Standing on the hangar deck of the World War II aircraft carrier Yorktown, officials with the Patriots Point Naval and Maritime Museum announced plans Wednesday for a $100 million Medal of Honor Museum honoring the recipients of the nation’s highest award for valor.
The museum on high ground on Charleston Harbor would replace a smaller one aboard the carrier and make Patriots Point a national destination, said Ray Chandler, the chairman of the Patriots Point Development Authority.
The authority has signed a letter of understanding with the Congressional Medal of Honor Society to build a museum “honoring the highest heroes of this country,” he said.
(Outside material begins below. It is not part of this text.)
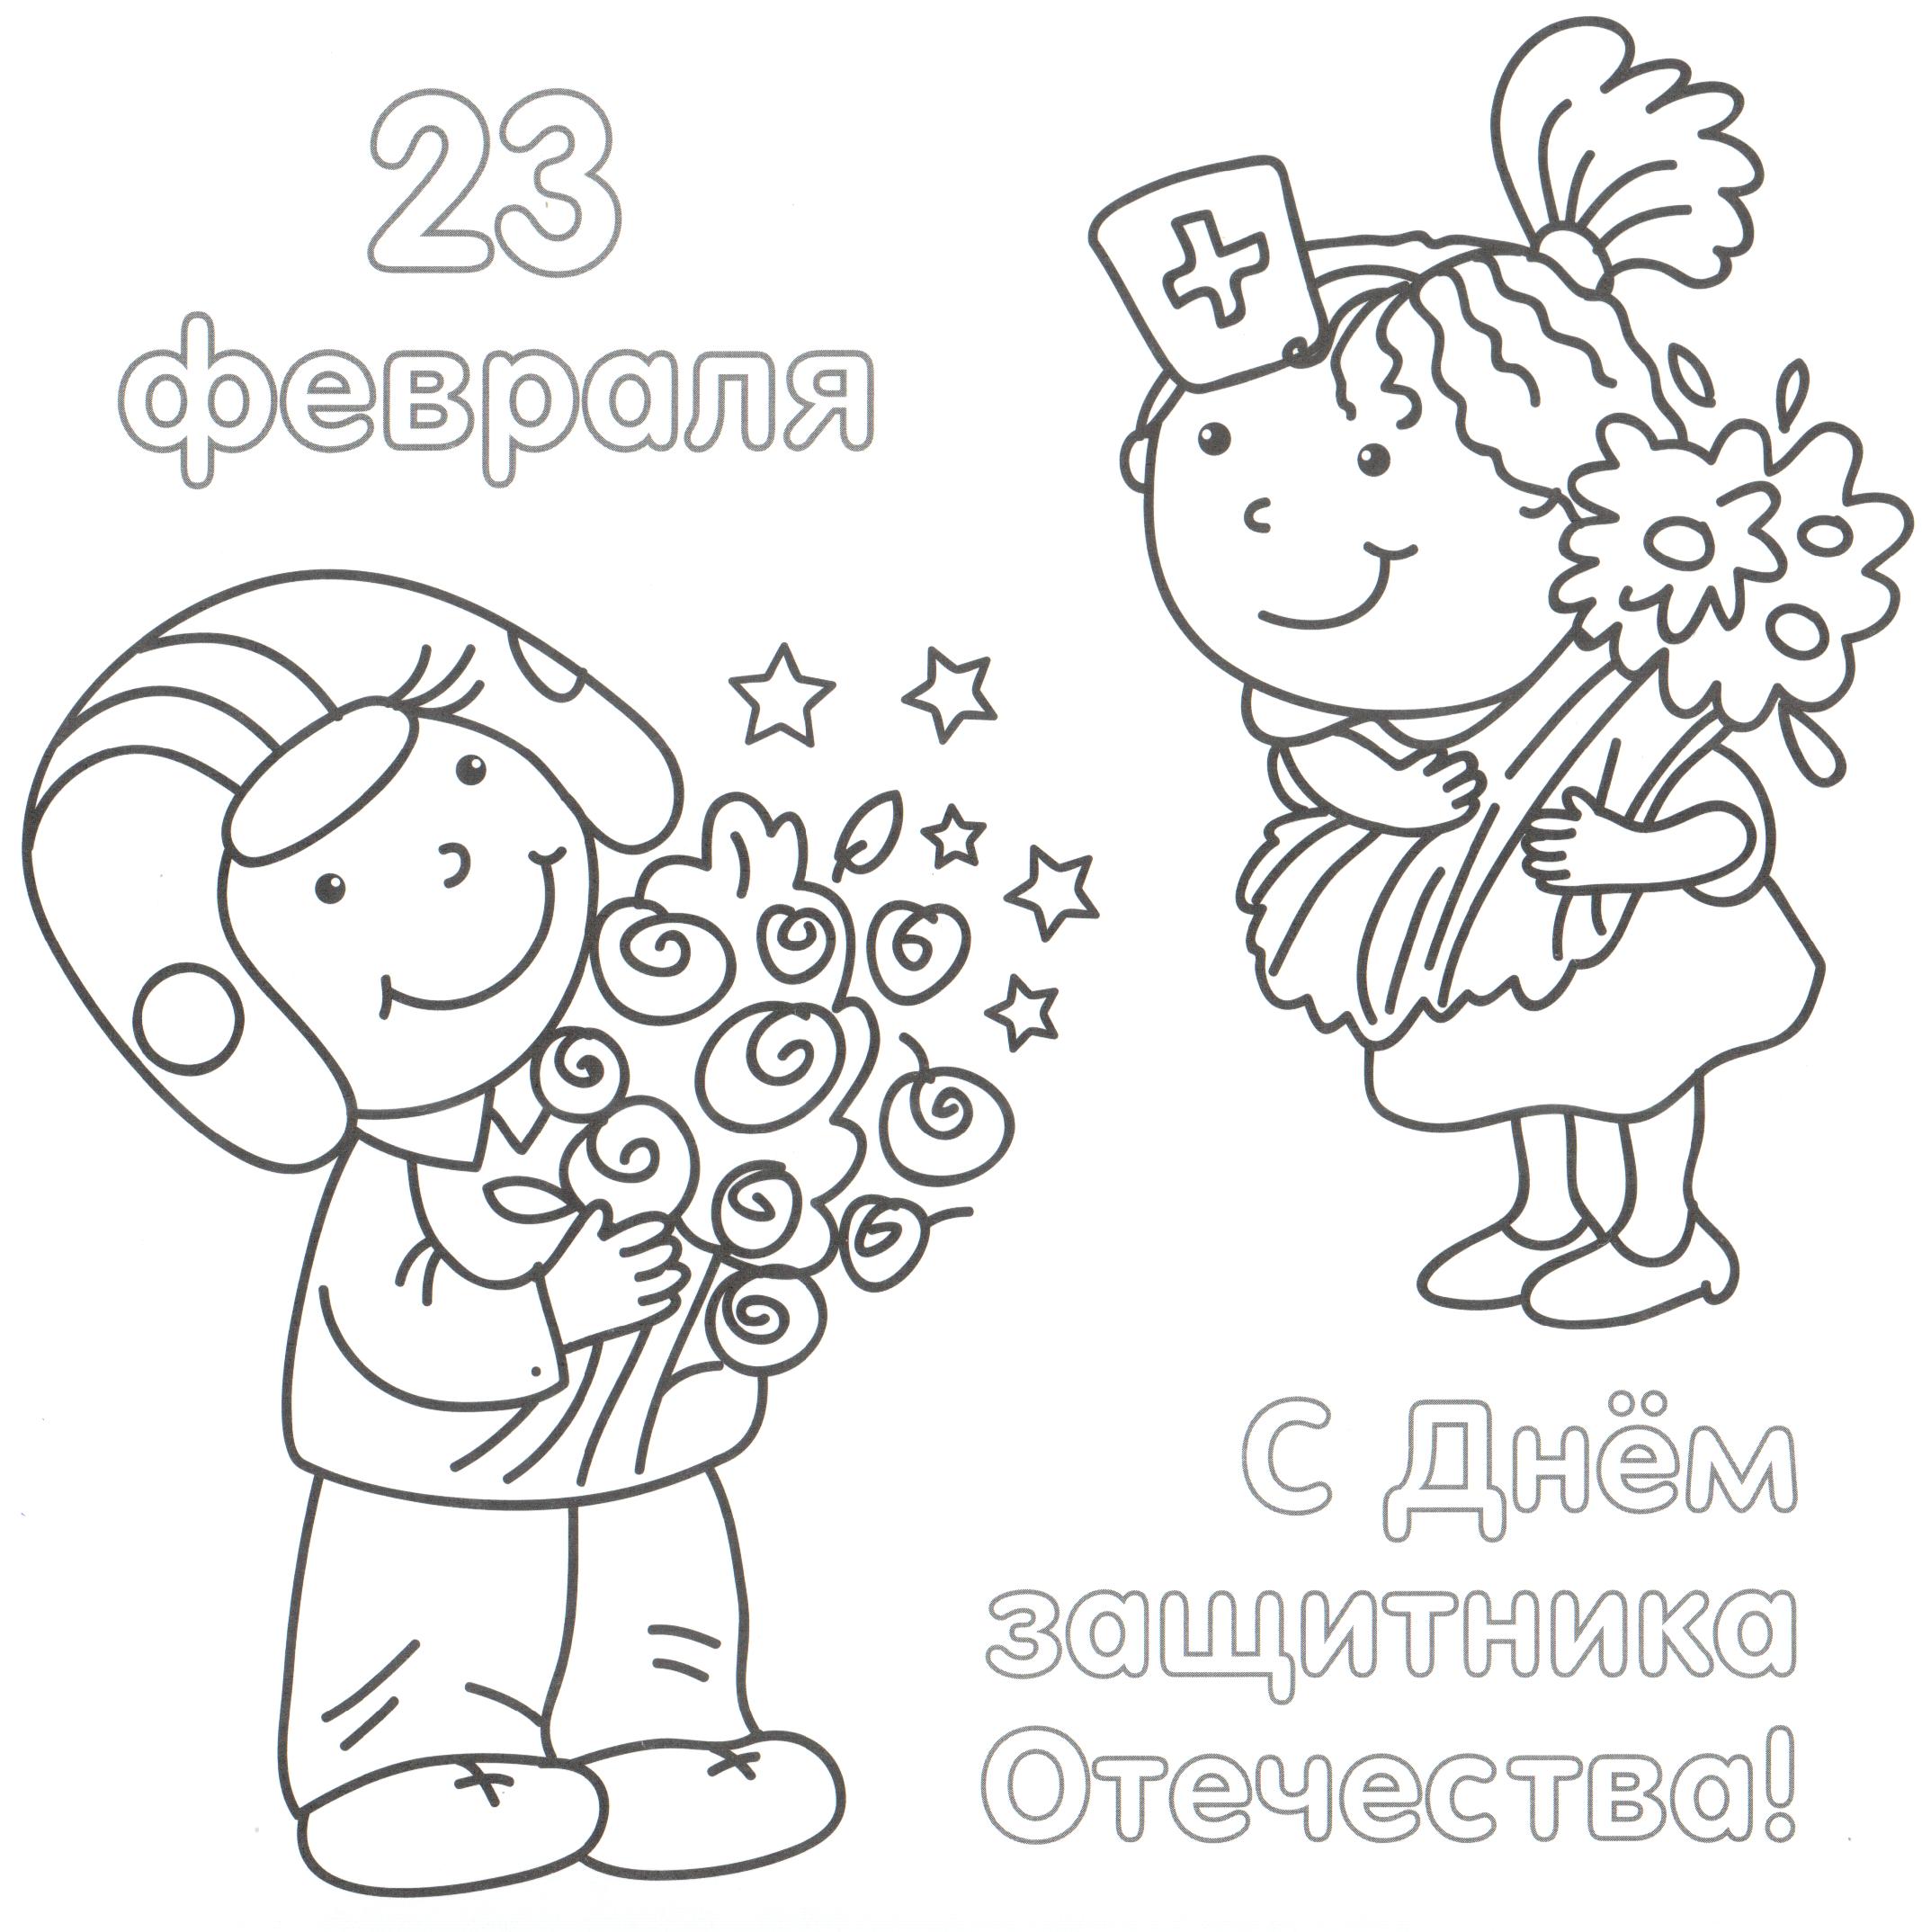 Персональный сайт Булыгиной Валентины Николаевны ...

No money from Patriots Point will be used. Instead, a national foundation will be created to lease the property, raise funds and build the museum. There’s no specific timetable for completion, said Patriots Point spokeswoman Ashley Smith.
But retired Maj. Gen. James Livingston, a South Carolina recipient of the medal, wants to move quickly.
“This is the final opportunity to establish a lasting legacy for the Medal of Honor while we still have recipients alive from World War II, Korea, Vietnam and the War on Terror,” he said.
Livingston, who is on the organizing committee for the foundation, said of the 3,456 recipients of the honor, only 81 are still living. Their average age is 73.
He said it is fitting for Charleston to be the location for the new museum. The Medal of Honor was established during the Civil War, which began with the bombardment of Fort Sumter on Charleston Harbor.
A master plan for the museum released Wednesday envisions, among other attractions, a uniform collection, a large format theater with multiple video screens where visitors can learn about sacrifices for freedom, a Great Hall honoring the medal recipients and an interactive media gallery where visitors can hear each recipient’s story.
Eventually, a hotel with a conference center is planned for the site.
Five years ago, a smaller $1.5 million Medal of Honor Museum was opened aboard the Yorktown.
In it, visitors can see a multimedia exhibit on the meaning of freedom, see the medal itself and then enter the so-called Tunnel of Combat. As visitors pass, they trip sensors that trigger sounds on screens on either side, providing a sense of the chaos of battle.
Chandler also said Patriots Point is now prepared to return to South Carolina lawmakers with a plan for repaying $9 million it borrowed earlier for repairs to the World War II destroyer Laffey, which was returned to its berth at the museum earlier this year.
Chandler said two major studies will be completed next year outlining the long-term restoration and maintenance needs for the Yorktown. In the meantime, he said, Patriots Point has committed $2 million over the next five years to upgrade the museum displays on the carrier.